Wednesday, March 23, 2011

Sharon Van Etten

My interview with Sharon Van Etten is this week's WEVancouver music feature.

Sharon Van Etten is on tour in support of her new album, Epic.
Sharon Van Etten is on tour in support of her new album, Epic.
Credit: Supplied


MUSIC: Sharon Van Etten shelves softer side for ‘Epic’

Sharon Van Etten’s first album, Because I Was In Love, explored the darkest time in the young singer/songwriter’s life: six years in an ever-escalating abusive relationship. The scars-and-all honesty, coupled with compelling arrangements, made for one of the most achingly beautiful albums of 2009. Two years later, she’s touring in support of her follow-up, Epic, a louder, electric affair. As she tells WE, she’s finally ready to rock out and melt some faces.

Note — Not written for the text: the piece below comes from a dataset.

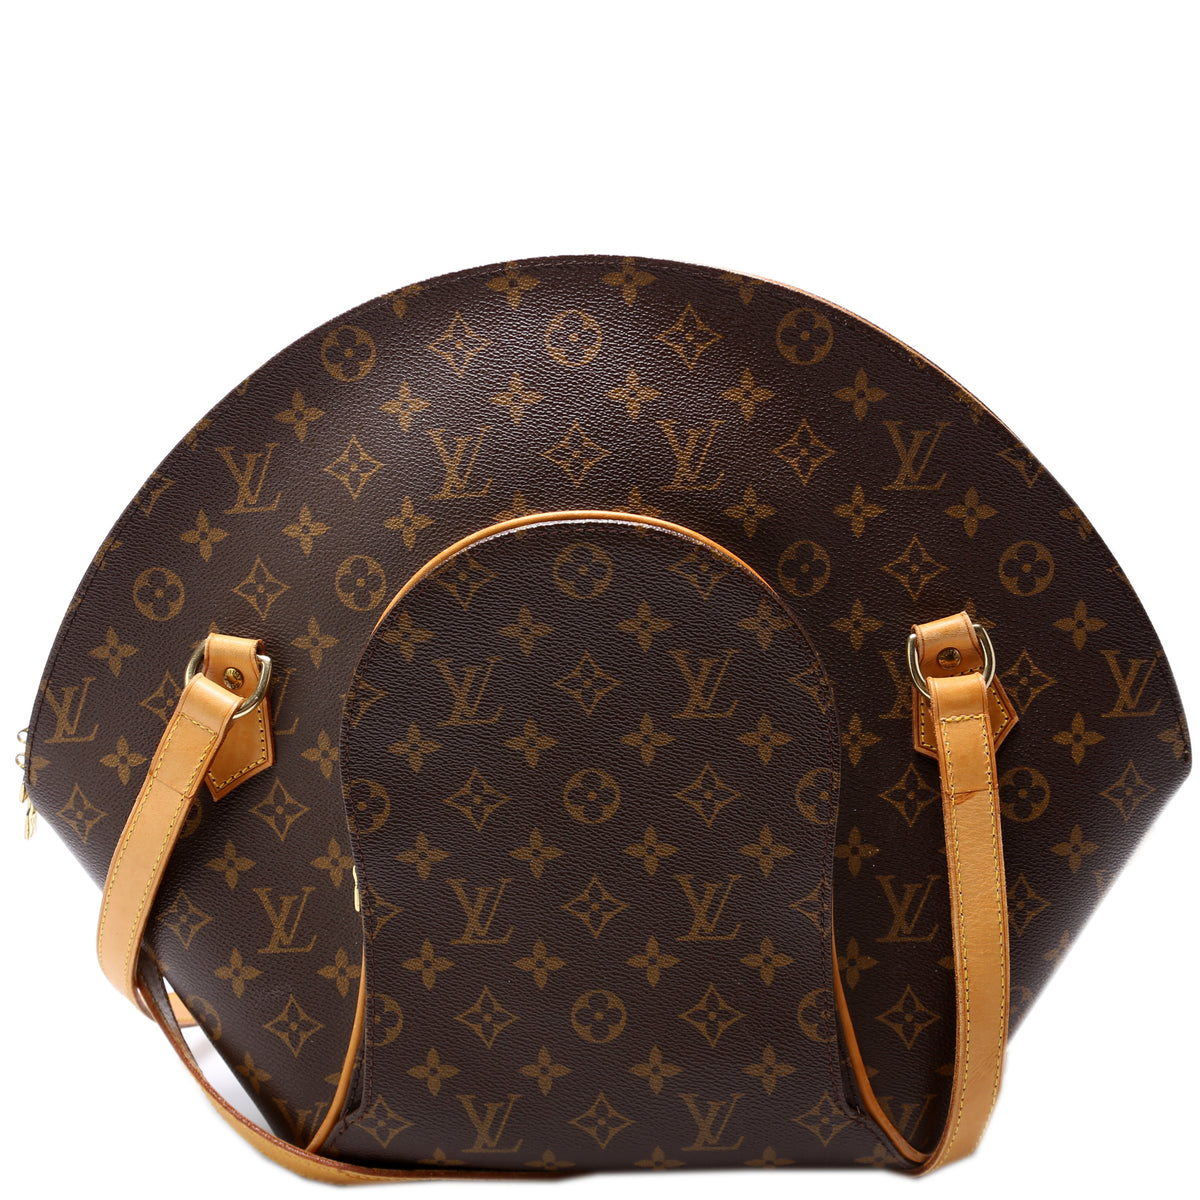 Louis Vuitton Ellipse PM Monogram Handbag Review

WE: How does it feel to have a full band?
Sharon Van Etten: It’s fun. They’re just fun to be around. It’s a different way of performing and it’s cathartic in a different way. I’m learning how to rock out a little more. There are some people who prefer my solo stuff, because it’s mellow and sad and not as loud, but it’s nice to do something different for a little while. You get bored when you sing the same way for years.

You can really change it up on stage, I’d imagine, too.
I’m learning the balance. People don’t want their faces melted the whole set — well, some people do, I guess — but it’s nice to have a dynamic throughout the set, peaks and valleys, so to speak.

So faces will actually be melting on this tour?
As much as I can do. (Laughs) Just seeing heads bob is a big thing for me. I’m starting to use my pedal, but it’s funny, I don’t really know how to use them properly yet, so I mess up half the time live, and it’s either too loud when I hit it or nothing happens at all. In my mind, it’s like a joke, like Amelia Bedelia trying to rock out or something. But it’s fun to start learning stuff I always wanted to do when I had a band.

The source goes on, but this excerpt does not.